Physical examination was performed under anesthesia, with drainage of the hematometra and hematocolpos, as well as vaginoplasty and resection of the septum, finding 600 mL of retained menstrual blood and a 3 cm transverse septum. According to Lan Zhu's classification, it would correspond to type 1.1: Didelphic uterus with completely obstructed hemivagina. The patient had a favorable evolution and was discharged the day after surgery, clinically stable and asymptomatic.

Discussion

The etiopathogenesis of Herlyn-Werner-Wünderlich syndrome is unknown^1,2,4. This anomaly may result from lack of fusion of the Mullerian ducts in the midline to connect with the urogenital sinus, or from the creation of an adequate lumen at the top of the vagina and uterus by resorption of the central vaginal cells and the septum between the fused Mullerian ducts, resulting in duplication of the body and cervix⁴.

The clinical presentation of Herlyn-Werner-Wünderlich syndrome is usually asymptomatic until menarche; most are diagnosed 2 months to 1 year after the first menstrual period. Presenting symptoms are dysmenorrhea, recurrent cyclic abdominal pain, irregular menses, and sometimes a palpable pelvic mass. Occasionally, hematocolpos or hematometra may develop pyocolpos, pyosalpinx and pelvic peritonitis, and some patients manifest only infertility or recurrent pregnancy loss^4,7. In the two cases presented, patients reported abdominal pain that increased with menstruation, as well as symptoms described in similar cases^5,8. The age of presentation was also similar to other reports, starting menstruation starting between 11 and 13 years of age⁸. One case has been described in an adult female(9) whose initial diagnosis was an ovarian-related pathology due to abdominal pain.
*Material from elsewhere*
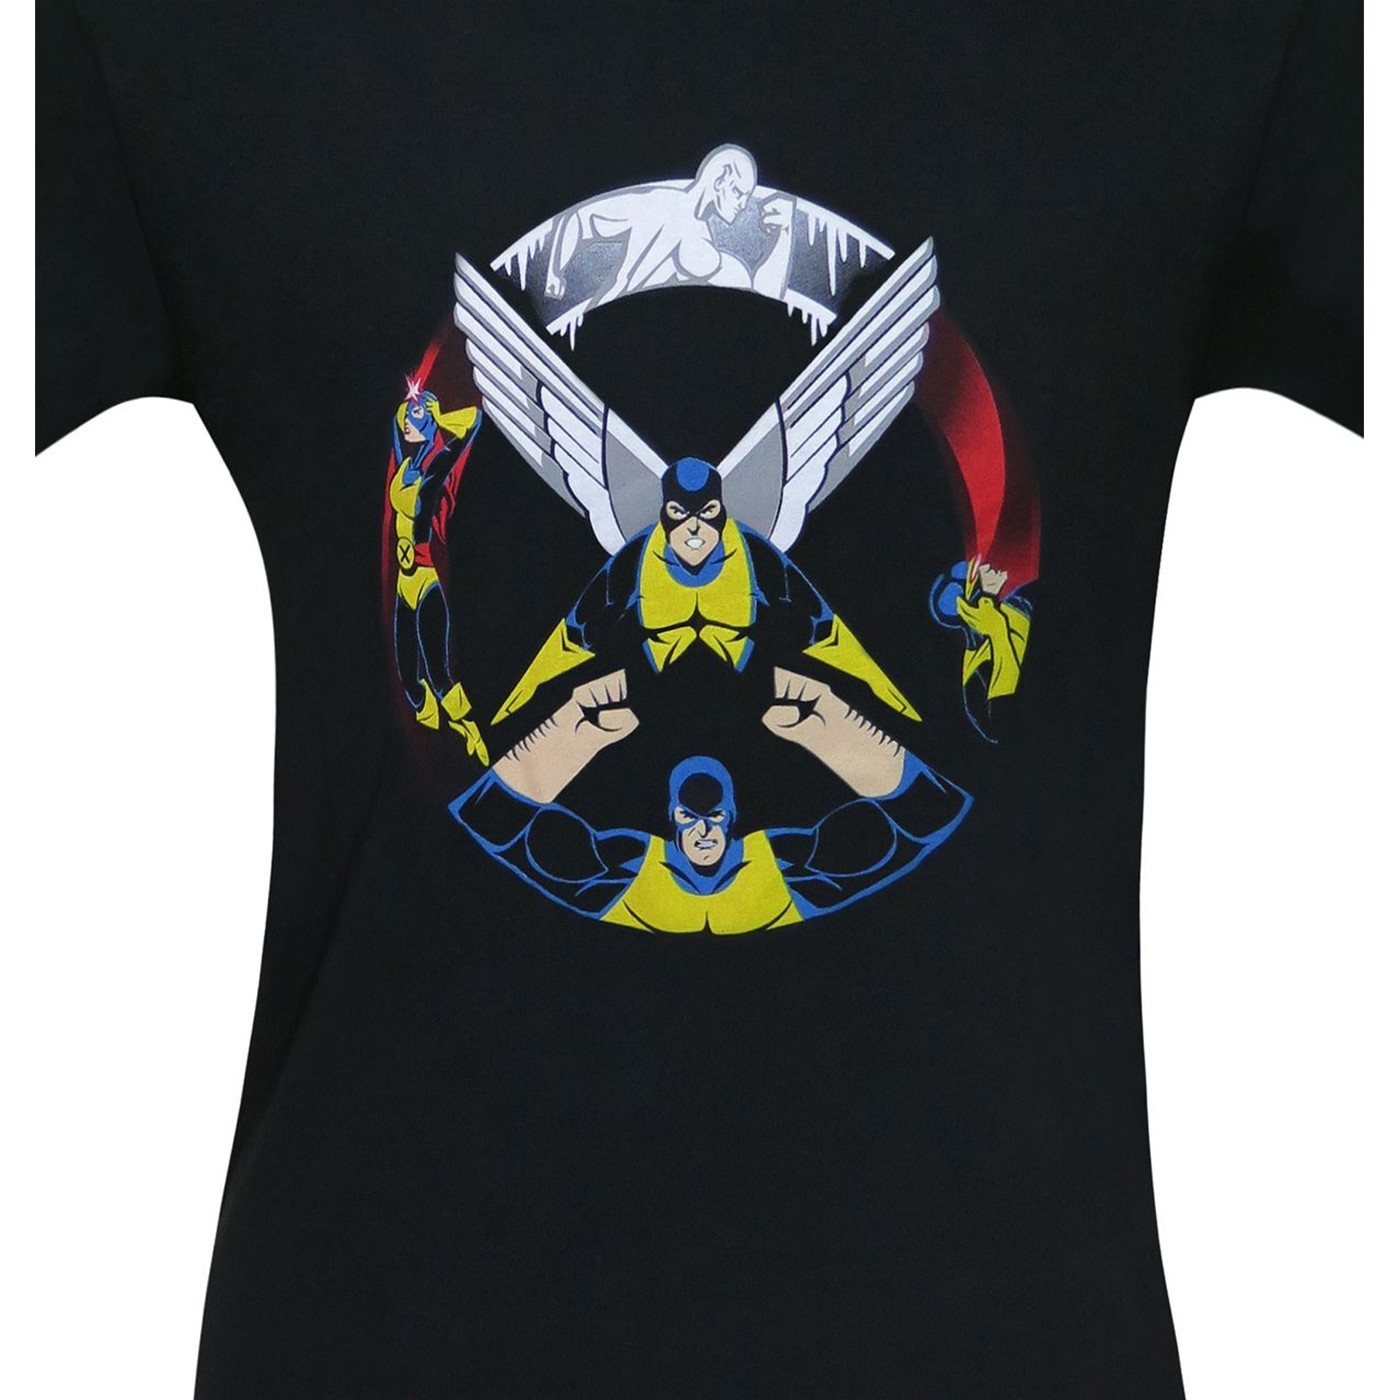 The Original X-Men Men's T-Shirt

Ultrasound and MRI were requested for further evaluation and the results were compatible with Herlyn-Werner-Wünderlich syndrome.
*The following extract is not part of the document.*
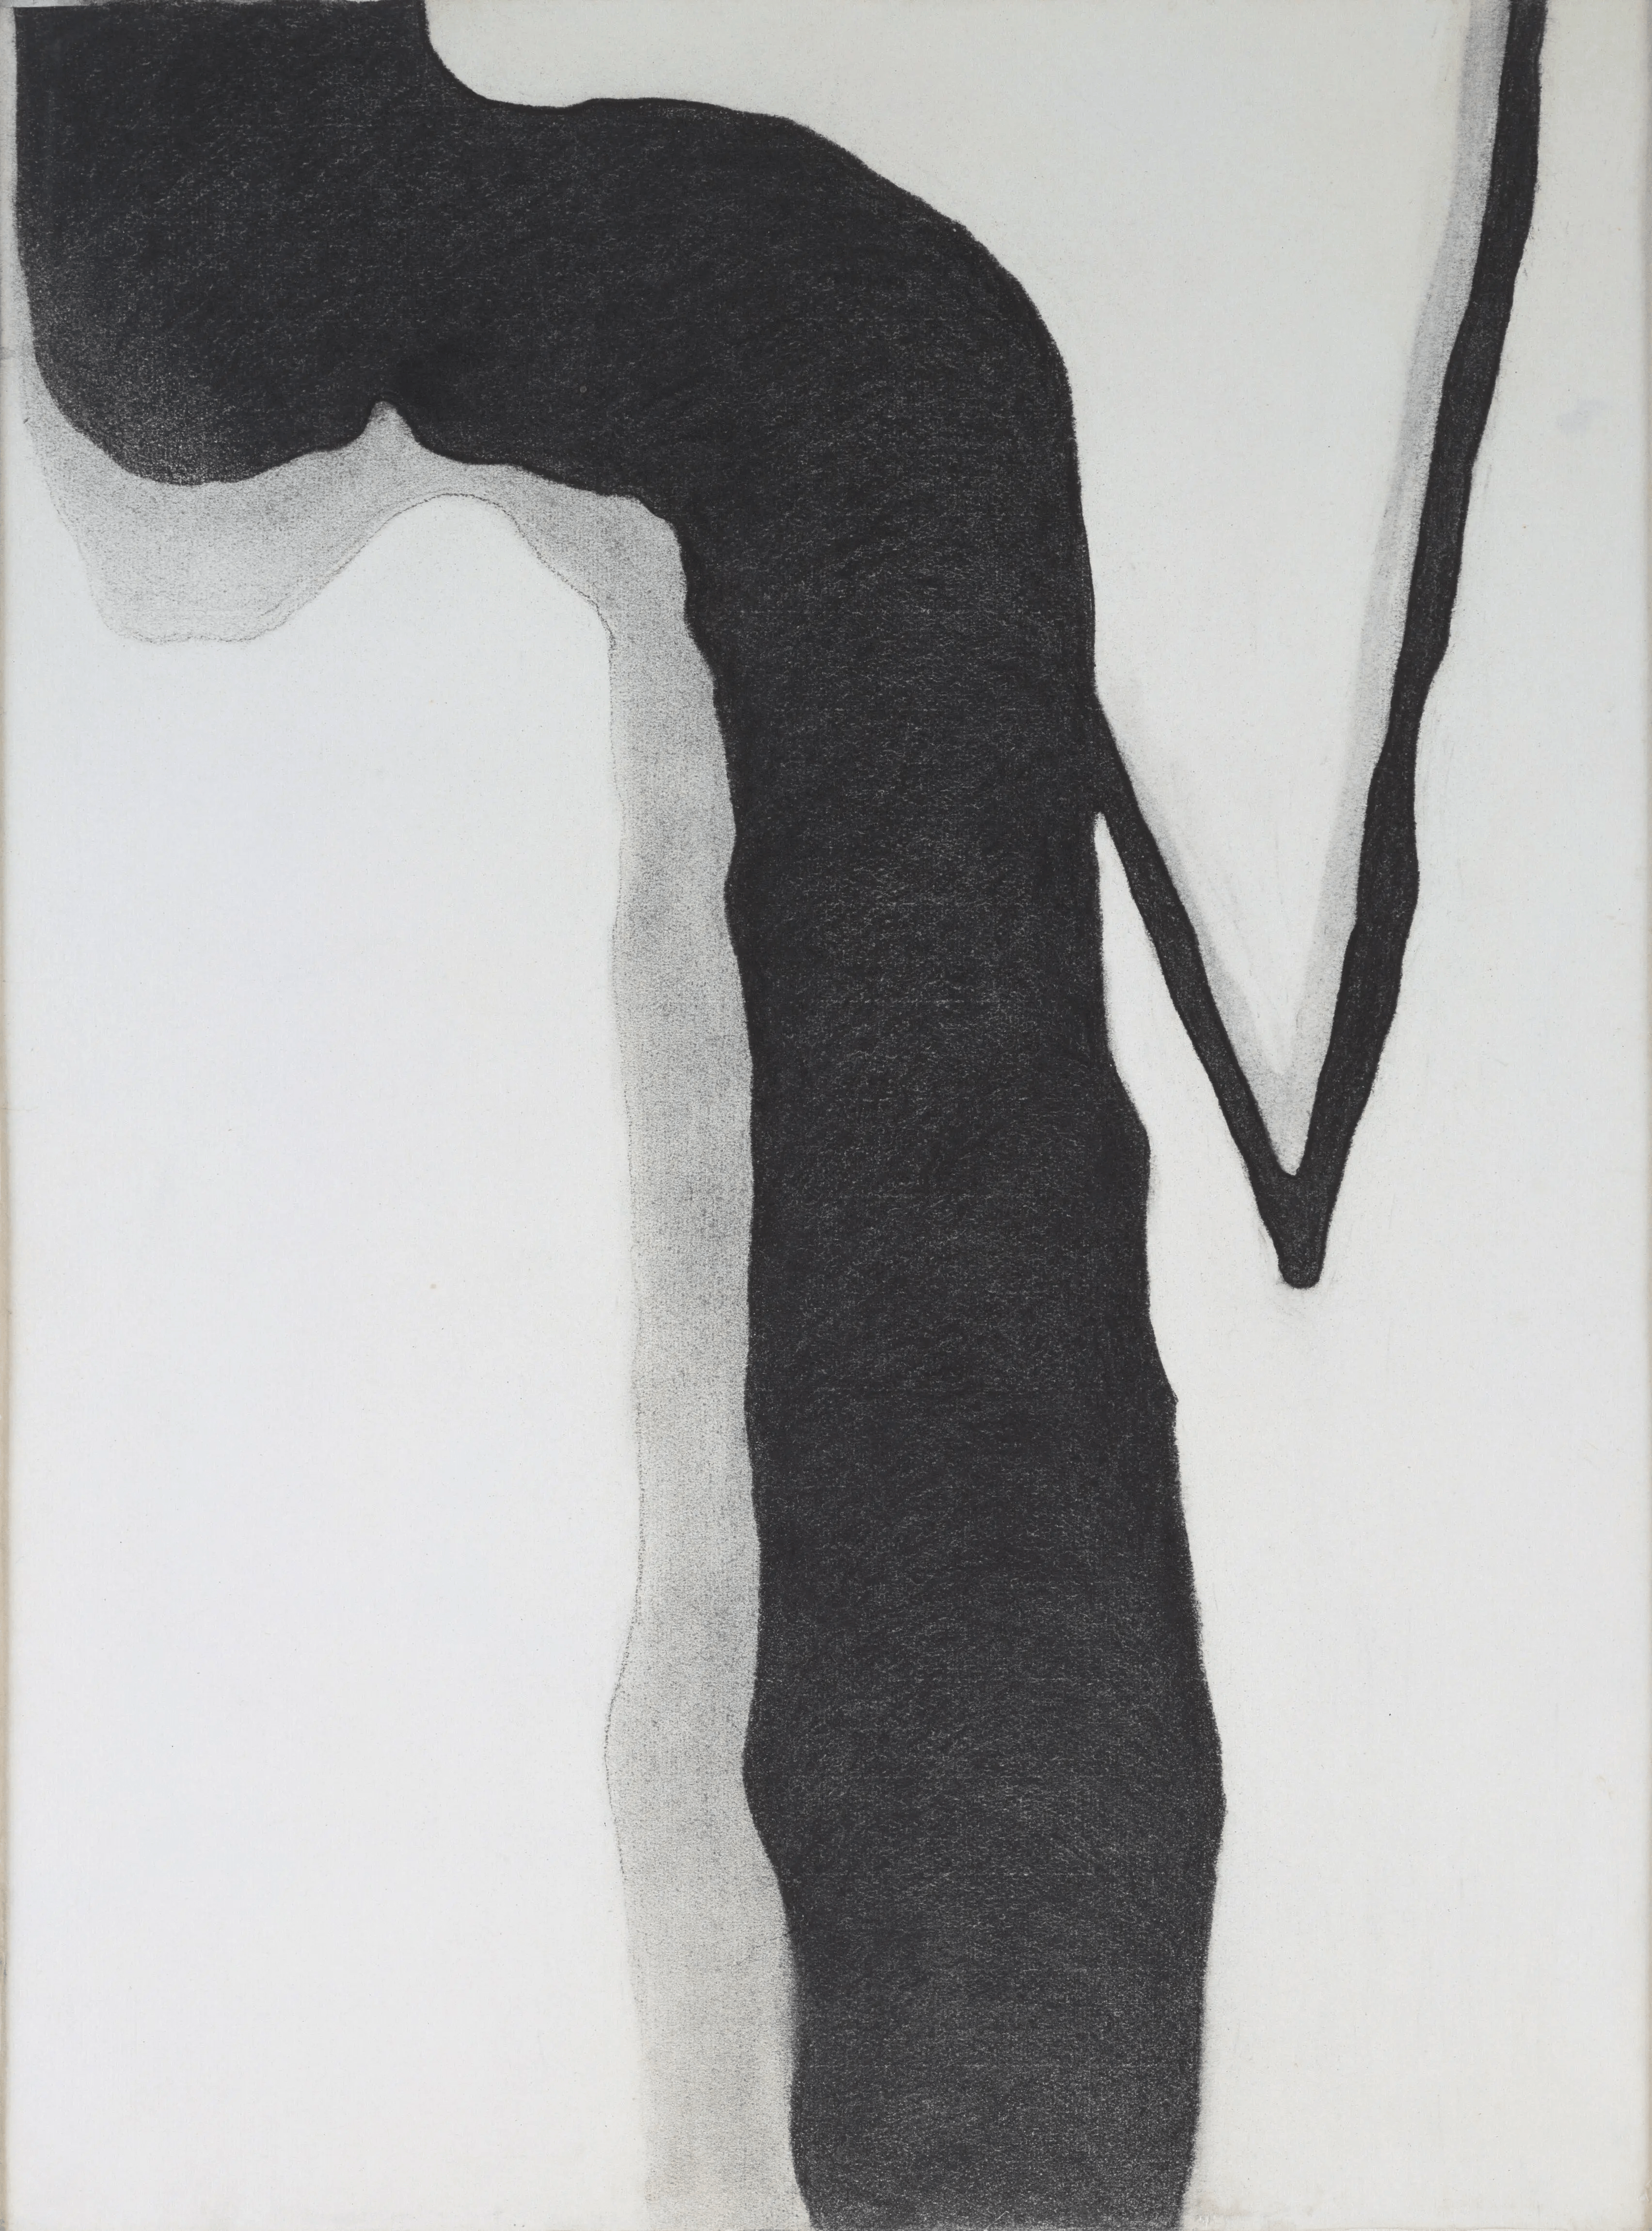 Lucrări rare, pe hârtie, realizate de Georgia O’Keeffe – expuse la MoMA, anul viitor

Lan Zhu's classification allows to identify the type of obstruction, and provide better management. The surgical treatment of choice is wide resection of the septum. When the obstructed hemivagina is bulging, management is easier (Zhu classification 1.1), as in case number 2, in which 600 mL of retained blood was drained. When the hemivagina is not bulging or is partially bulging due to a communication, the management is extensive resection of the septum, as in the first published case, in which purulent material was drained (Zhu classification 2.1). In both cases, the vaginal septum was resected and the hematocolpos or pyocolpos was drained, with satisfactory results.

Our report is relevant, because pyocolpos in Herlyn-Werner-Wünderlich syndrome is extremely rare^5,10. It is important to consider this type of presentation in febrile patients with acute abdominal pain. Ultrasound allows detection of the syndrome and is inexpensive. However, MRI is recommended for better resolution and anatomical definition.

Although Herlyn-Werner-Wünderlich syndrome is a very rare presentation, it is believed that these cases may be relatively frequent in our country, so it should be suspected in adolescents with abdominal pain and dysmenorrhea, for correct diagnosis and management and to avoid complications such as chronic pelvic pain, endometriosis and infertility.